Сегодня историки спорят о том, необходима была или нет такая жестокая ломка русского «тысячелетнего» уклада. Появляются книги, вроде исследования Юрия Жукова «Иной Сталин» (М., Вагриус, 2003), где события сталинской эпохи оцениваются не с позиции эмоционального к ним отношения (хотя как иначе относиться к гибели миллионов твоих соотечественников?), а с точки зрения исторической целесообразности, которой придерживался Сталин и, кстати, по мнению Юрия Жукова, потерпел неудачу.
В любом случае восторженное отношение русского писателя к тому, что его соотечественники миллионами умирают с голоду на Украине, на Дону, на Кавказе, в этих хлебных житницах, ради того, чтобы страна могла заплатить Германии проценты по кредитам (так объясняет массовое изъятие у крестьян хлеба в конце 1920-х годов Юрий Жуков), не может быть оправдано ничем, и здесь безусловно правы и Бунин, и Леонид Андреев, и впоследствии Солженицын.

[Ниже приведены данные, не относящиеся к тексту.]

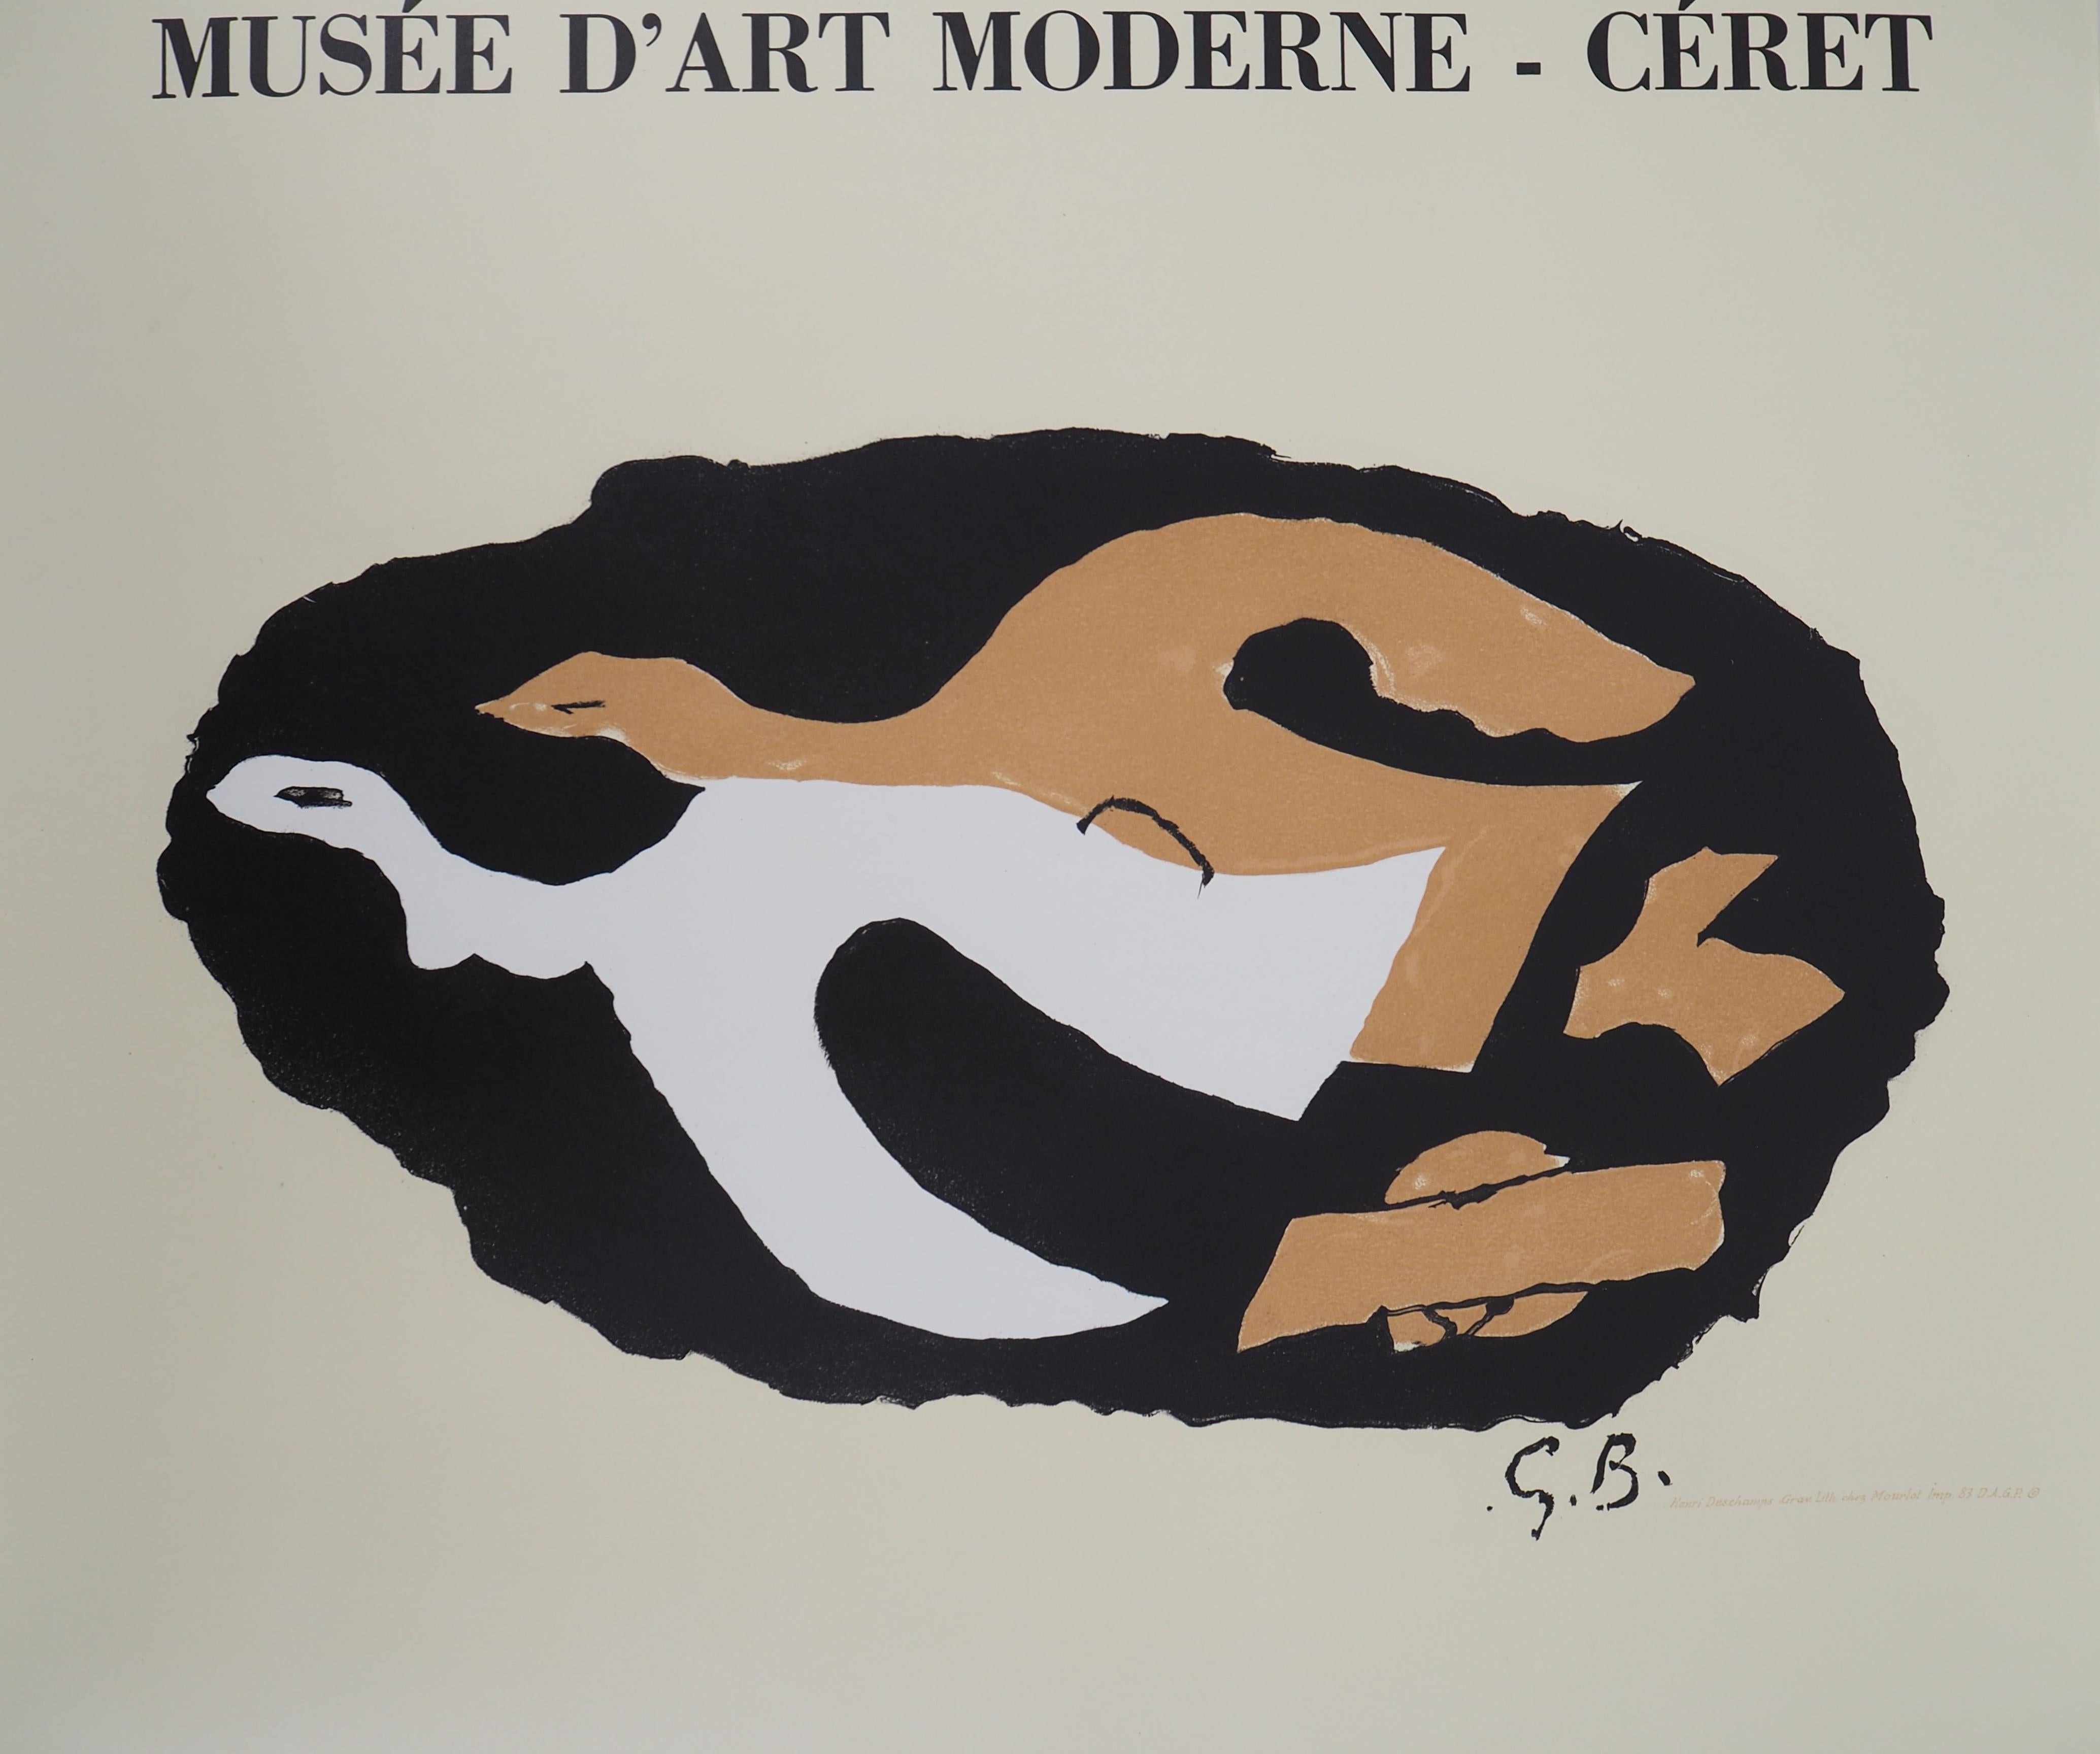 Two Birds Flying - Vintage lithograph exhibition poster # Mourlot - Print by Georges Braque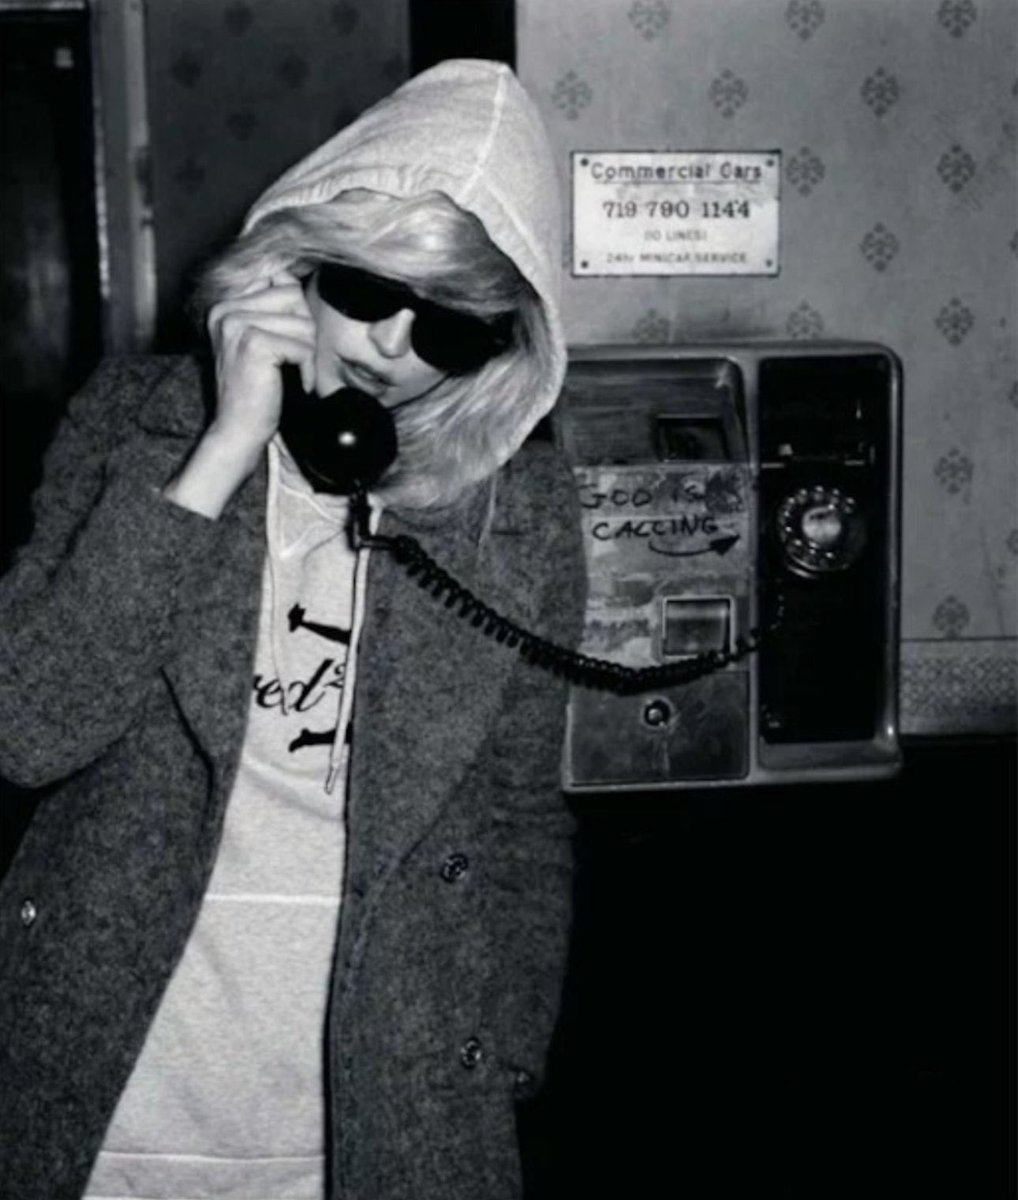 Happy Monday to my Twitter family 🖤 Debbie's hanging on the telephone, and sorry she can't be with us + wants us all to have a great week! 🖤 #DebbieHarry #Blondie @NewWaveAndPunk @phatalstu @picturethis74 @___Hayley_8___ @Philak282 @FatOldAnarchist @andreag67 📸unknown

Другое дело, что, возвращаясь в СССР, Горький надеялся затеять со Сталиным «свою игру» и, надо признать, многого добился на этом поле. Но, как справедливо писал эмигрантский критик Георгий Адамович: «Судить Горького, конечно, никто сейчас (в 1936 году, в год его смерти. — П. Б.) не вправе. Однако мы вправе сказать, что он всегда претендовал, — и претендовал основательно, — на авторитет не только узко-художественный, но и моральный, что он был у самой черты духовного величия — и потерпел под конец жизни ужасное крушение».
Все чаще мы говорим о трагедии Максима Горького. Но раз мы имеем дело с трагедией, стало быть, должен существовать не только внешний, но и внутренний конфликт в этой судьбе, скрытый за внешними фактами.
В любой трагедии с античных времен есть своя неумолимая логика (рок). Логику горьковской судьбы можно оценить только в контексте его эпохи. При ближайшем рассмотрении она оказывается
Мысль Блока о «конце гуманизма», несомненно, была близка Горькому. Ведь еще в апреле 1917 года, когда интеллигенция страны ликовала по поводу относительно бескровной победы Февральской революции, Горький в газете «Новая жизнь» с тревогой писал: «Вокруг нас во всем мире грозно совершается трагедия! Все мощные силы мировой истории ныне приведены в движение, все человеко-звери сорвались с цепей культуры, разорвали ее тонкие ризы и пакостно обнажились, — это явление, равное катастрофе, сотрясает устои социальных отношений до основания» («Несвоевременные мысли»).
Всем сердцем приветствуя Февраль, — «…русский народ обвенчался со Свободой. Будем верить, что от этого союза в нашей стране… родятся новые сильные люди» (цикл статей «Революция и культура»), — он в то же время ни на минуту не забывал о «трагедии» и «катастрофе».
Этот катастрофизм в сознании Горького неверно объяснять исключительно тем тяжелым впечатлением, которое произвела на него мировая война (постоянная больная тема горьковских выступлений тех лет), а также внутренними событиями в революционной России. Он имел куда более глубокие истоки в жизненной и духовной биографии Горького.
Отказ от признания Высшей воли, стоящей над человеком и неподвластной его разуму, — не просто в плане личного безбожия, но как философский «момент истины», — создал широкую перспективу развития европейского гуманизма. Этот процесс, захвативший Европу времен Возрождения, Реформации и Просвещения, возникает в России в XVIII — начале XIX века, получив свое выражение в Петровских реформах, а затем в идеологии и практике декабристов. На протяжении XIX века гуманизм в России видоизменялся (шестидесятничество, народничество, анархизм, марксизм), но внутренняя суть его оставалась неизменной. В конечном итоге он вел к отказу от христианства.
Свое наиболее логически завершенное и вместе с тем парадоксальное выражение гуманизм в России обрел в мощной фигуре Горького, появившейся на русском горизонте в 90-е годы позапрошлого века.
В молодом возрасте Горький испытал различные философские влияния: от идей французского Просвещения и рационализма Гёте до позитивизма Ж. М. Гюйо, романтизма Рескина и пессимизма Шопенгауэра. В его нижегородской библиотеке начала 1890-х годов рядом с «Историческими письмами» идеолога народничества Лаврова и первым томом «Капитала» Маркса стояли книги Гартмана, Штирнера и Ницше.
Страсть молодого Горького к философскому чтению нельзя объяснить только любознательностью. Поистине «горький» опыт детских и юношеских лет, очень рано развившийся этический максимализм и ненависть к злу вынуждали его искать более глубокие корни страданий человеческих, чем те, что лежали на поверхности жизни.